• Your objective
Keep to one stretch of the data below, the lines from the one with "SAH, Vestre Slidre" up to and including the one with "Noir (Persona 5)/#2111032 - Zerochan", and return that stretch exactly.

--------

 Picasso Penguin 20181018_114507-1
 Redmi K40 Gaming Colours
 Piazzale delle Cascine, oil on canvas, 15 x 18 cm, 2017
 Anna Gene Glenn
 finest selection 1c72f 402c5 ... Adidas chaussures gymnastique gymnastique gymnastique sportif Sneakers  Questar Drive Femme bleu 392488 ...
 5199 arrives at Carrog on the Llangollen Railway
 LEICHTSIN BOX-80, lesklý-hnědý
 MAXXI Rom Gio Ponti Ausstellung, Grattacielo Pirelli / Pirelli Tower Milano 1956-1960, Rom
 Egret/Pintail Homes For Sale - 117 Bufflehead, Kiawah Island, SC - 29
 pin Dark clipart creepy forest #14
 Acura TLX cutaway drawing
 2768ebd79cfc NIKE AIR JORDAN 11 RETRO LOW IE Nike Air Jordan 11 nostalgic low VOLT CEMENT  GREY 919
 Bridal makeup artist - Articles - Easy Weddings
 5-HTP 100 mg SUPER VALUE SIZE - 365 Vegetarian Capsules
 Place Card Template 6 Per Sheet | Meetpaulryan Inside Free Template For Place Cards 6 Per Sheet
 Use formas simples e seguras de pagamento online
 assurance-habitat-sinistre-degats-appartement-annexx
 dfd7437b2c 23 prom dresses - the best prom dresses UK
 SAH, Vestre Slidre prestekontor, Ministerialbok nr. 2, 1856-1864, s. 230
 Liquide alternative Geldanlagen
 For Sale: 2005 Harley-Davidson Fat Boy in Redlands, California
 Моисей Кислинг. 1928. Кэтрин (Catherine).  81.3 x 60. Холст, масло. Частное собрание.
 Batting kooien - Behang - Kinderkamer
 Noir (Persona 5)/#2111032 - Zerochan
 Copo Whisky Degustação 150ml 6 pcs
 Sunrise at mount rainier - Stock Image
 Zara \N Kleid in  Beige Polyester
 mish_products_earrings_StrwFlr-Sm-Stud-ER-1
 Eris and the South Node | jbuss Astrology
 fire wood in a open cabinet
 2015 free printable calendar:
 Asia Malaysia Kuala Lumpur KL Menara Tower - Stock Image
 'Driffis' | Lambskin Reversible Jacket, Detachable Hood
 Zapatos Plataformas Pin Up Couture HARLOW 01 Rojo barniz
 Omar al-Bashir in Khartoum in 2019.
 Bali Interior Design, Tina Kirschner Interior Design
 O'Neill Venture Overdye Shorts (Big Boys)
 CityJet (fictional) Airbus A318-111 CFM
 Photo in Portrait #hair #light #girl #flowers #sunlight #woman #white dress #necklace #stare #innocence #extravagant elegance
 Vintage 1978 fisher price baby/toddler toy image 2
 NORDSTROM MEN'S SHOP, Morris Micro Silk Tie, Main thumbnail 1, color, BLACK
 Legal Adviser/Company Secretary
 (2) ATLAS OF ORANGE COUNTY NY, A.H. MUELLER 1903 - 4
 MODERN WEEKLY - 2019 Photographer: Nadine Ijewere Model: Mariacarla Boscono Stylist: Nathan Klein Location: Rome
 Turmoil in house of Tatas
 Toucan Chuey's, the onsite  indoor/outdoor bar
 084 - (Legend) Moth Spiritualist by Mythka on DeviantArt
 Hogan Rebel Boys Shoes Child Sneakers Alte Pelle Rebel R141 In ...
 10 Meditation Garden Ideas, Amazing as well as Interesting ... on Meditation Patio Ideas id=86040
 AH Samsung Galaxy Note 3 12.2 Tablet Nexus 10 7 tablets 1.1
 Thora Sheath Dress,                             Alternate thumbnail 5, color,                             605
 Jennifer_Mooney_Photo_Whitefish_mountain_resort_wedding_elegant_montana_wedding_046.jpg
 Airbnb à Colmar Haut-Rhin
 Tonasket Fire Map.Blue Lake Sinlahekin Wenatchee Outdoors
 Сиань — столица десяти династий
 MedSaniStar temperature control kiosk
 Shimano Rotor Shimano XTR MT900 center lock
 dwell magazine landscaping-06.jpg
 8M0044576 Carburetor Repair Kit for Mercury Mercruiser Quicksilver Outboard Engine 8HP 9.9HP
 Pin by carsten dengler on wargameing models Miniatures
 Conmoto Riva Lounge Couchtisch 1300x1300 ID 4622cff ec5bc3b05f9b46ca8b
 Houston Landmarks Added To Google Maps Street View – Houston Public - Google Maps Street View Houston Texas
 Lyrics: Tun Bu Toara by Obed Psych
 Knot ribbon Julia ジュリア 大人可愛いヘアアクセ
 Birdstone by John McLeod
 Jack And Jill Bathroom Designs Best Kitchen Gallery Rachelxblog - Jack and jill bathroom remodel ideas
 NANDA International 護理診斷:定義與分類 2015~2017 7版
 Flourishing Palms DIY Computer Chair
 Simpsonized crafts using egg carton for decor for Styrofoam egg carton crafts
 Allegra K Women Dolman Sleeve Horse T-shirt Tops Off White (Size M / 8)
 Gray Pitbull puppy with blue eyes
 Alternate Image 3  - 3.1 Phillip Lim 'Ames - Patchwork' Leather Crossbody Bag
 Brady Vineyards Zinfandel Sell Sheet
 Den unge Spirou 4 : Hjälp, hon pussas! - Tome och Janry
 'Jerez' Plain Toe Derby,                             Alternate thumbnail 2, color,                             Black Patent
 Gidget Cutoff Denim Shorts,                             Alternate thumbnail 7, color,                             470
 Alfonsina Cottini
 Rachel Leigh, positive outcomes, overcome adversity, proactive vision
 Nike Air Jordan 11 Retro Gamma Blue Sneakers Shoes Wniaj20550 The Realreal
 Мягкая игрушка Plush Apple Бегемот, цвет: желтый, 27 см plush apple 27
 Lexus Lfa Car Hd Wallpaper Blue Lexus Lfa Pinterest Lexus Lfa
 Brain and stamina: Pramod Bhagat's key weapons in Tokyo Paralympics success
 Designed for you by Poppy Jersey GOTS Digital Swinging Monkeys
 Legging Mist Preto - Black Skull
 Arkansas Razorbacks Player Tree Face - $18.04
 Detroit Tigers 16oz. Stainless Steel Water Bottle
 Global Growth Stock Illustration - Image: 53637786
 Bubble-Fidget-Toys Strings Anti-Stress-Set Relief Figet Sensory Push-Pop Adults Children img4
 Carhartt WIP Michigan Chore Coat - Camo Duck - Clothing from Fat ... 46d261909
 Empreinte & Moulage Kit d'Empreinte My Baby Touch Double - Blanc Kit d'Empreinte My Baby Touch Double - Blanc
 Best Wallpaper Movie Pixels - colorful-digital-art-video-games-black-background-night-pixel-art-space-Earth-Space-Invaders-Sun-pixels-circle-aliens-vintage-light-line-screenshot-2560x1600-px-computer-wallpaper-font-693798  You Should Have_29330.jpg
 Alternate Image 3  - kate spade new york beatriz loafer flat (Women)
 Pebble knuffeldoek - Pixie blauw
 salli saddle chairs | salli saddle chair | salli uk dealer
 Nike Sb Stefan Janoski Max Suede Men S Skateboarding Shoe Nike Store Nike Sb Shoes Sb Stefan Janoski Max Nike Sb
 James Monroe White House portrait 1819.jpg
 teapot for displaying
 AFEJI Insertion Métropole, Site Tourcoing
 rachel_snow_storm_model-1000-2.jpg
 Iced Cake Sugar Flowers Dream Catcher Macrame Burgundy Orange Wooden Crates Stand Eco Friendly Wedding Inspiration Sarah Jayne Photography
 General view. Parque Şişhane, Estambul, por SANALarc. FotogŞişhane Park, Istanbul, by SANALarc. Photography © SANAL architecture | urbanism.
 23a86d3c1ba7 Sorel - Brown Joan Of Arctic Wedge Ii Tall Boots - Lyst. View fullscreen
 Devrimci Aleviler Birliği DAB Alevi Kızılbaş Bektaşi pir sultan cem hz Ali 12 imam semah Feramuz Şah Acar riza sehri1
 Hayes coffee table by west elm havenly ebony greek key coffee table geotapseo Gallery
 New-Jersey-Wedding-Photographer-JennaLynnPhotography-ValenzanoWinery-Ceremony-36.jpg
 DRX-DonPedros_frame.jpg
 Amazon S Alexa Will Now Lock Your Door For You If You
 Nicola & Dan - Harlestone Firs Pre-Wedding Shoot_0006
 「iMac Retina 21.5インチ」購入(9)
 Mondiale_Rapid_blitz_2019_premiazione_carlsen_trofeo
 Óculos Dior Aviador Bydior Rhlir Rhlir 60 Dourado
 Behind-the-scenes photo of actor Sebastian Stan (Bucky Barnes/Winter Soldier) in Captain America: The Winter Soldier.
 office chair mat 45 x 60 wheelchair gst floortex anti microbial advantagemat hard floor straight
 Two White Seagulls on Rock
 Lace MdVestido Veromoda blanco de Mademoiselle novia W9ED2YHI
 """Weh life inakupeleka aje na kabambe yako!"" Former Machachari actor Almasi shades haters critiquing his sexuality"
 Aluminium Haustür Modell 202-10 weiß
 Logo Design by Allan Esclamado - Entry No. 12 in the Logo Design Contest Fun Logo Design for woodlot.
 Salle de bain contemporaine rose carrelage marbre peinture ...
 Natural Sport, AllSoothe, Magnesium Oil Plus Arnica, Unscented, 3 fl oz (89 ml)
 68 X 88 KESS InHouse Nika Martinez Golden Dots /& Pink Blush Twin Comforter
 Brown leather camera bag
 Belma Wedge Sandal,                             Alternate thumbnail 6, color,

--------

• Exercise output
 SAH, Vestre Slidre prestekontor, Ministerialbok nr. 2, 1856-1864, s. 230
 Liquide alternative Geldanlagen
 For Sale: 2005 Harley-Davidson Fat Boy in Redlands, California
 Моисей Кислинг. 1928. Кэтрин (Catherine).  81.3 x 60. Холст, масло. Частное собрание.
 Batting kooien - Behang - Kinderkamer
 Noir (Persona 5)/#2111032 - Zerochan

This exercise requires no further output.